## STORED DATA
BEGIN

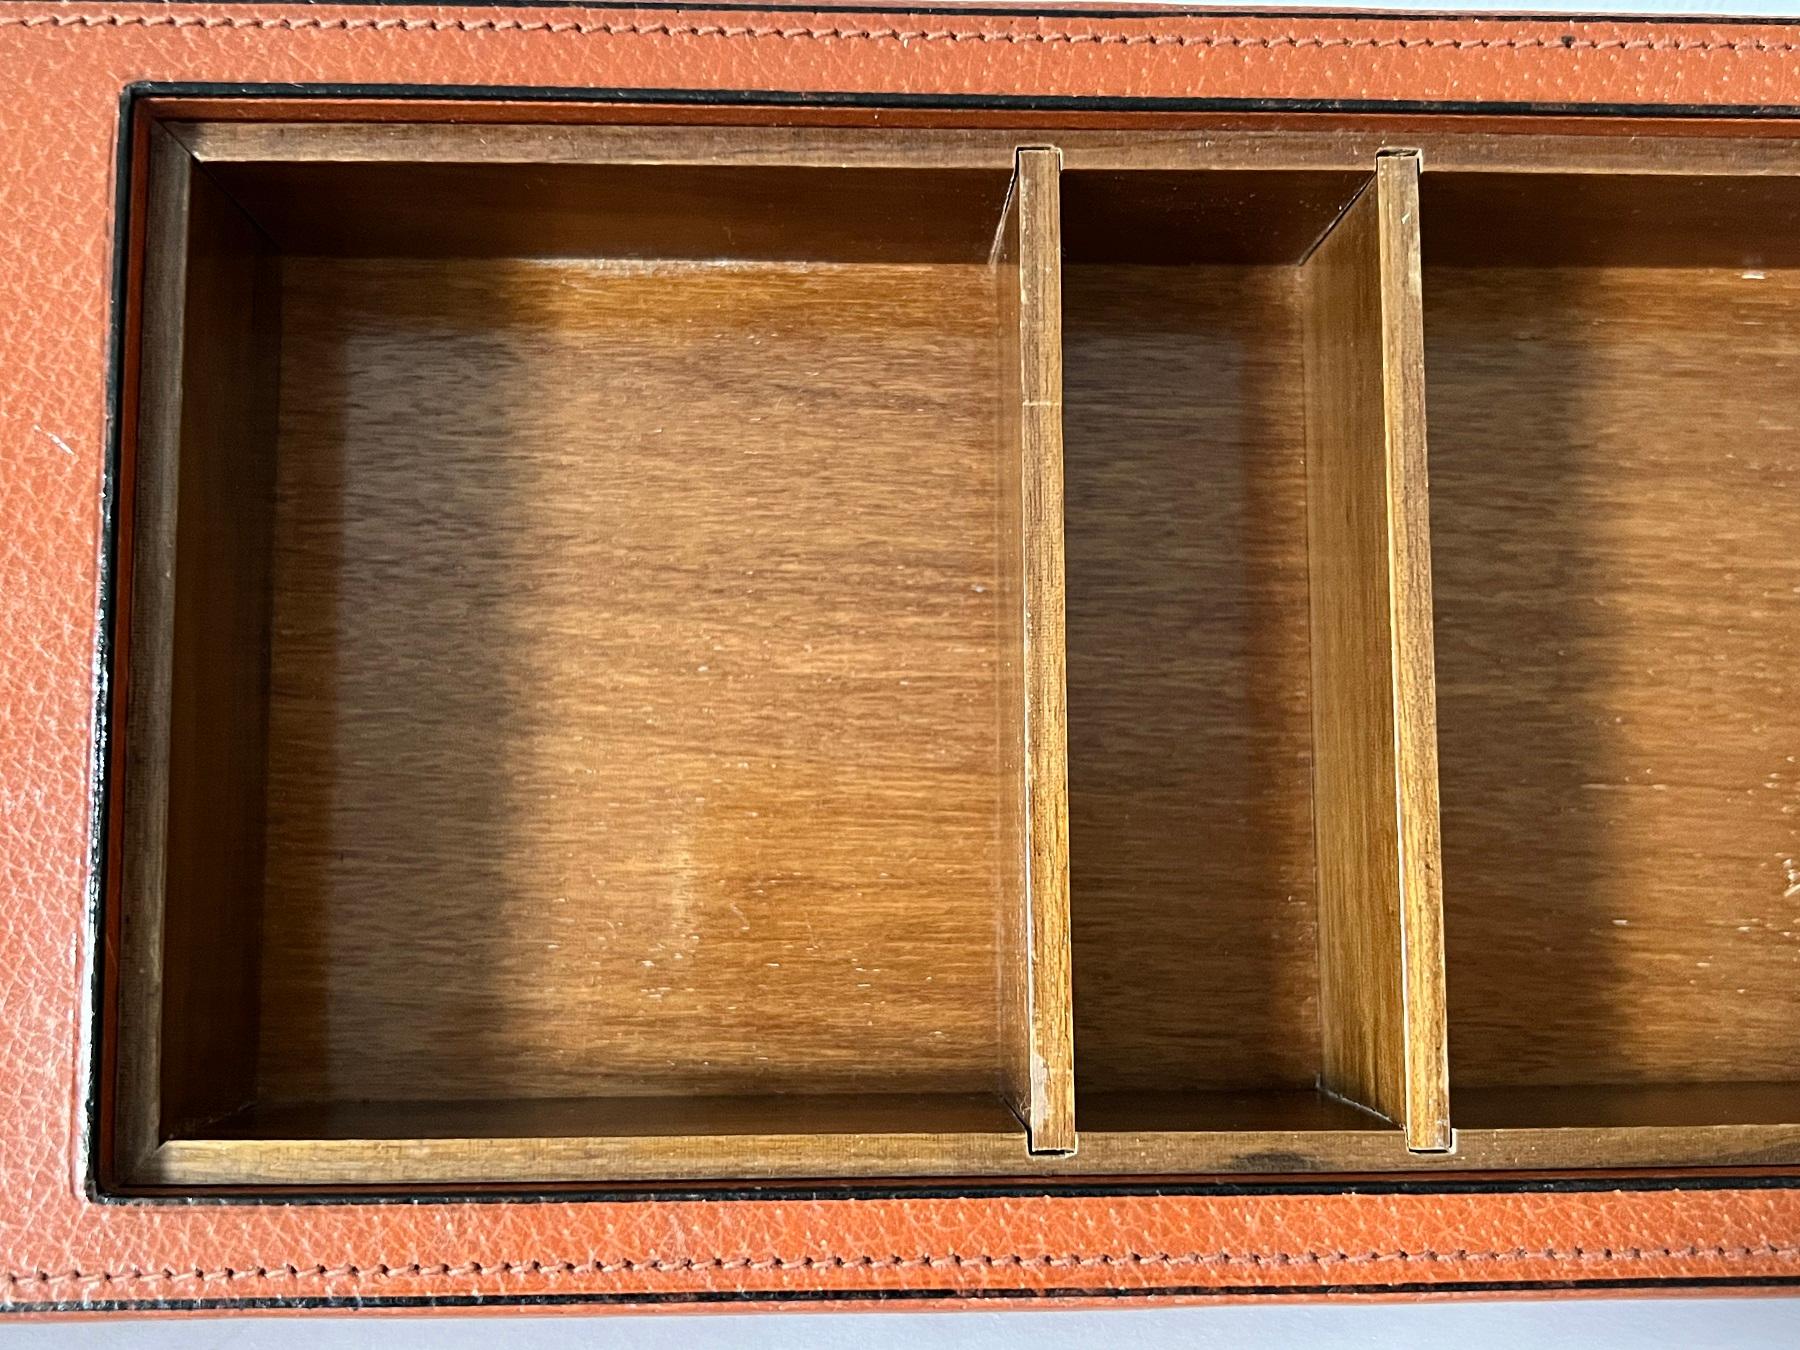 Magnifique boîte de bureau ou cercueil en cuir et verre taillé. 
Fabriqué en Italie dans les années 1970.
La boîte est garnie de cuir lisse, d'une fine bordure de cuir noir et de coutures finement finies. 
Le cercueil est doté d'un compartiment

END

The material above must be reproduced line for line, with the images omitted.

 Magnifique boîte de bureau ou cercueil en cuir et verre taillé. 
Fabriqué en Italie dans les années 1970.
La boîte est garnie de cuir lisse, d'une fine bordure de cuir noir et de coutures finement finies. 
Le cercueil est doté d'un compartiment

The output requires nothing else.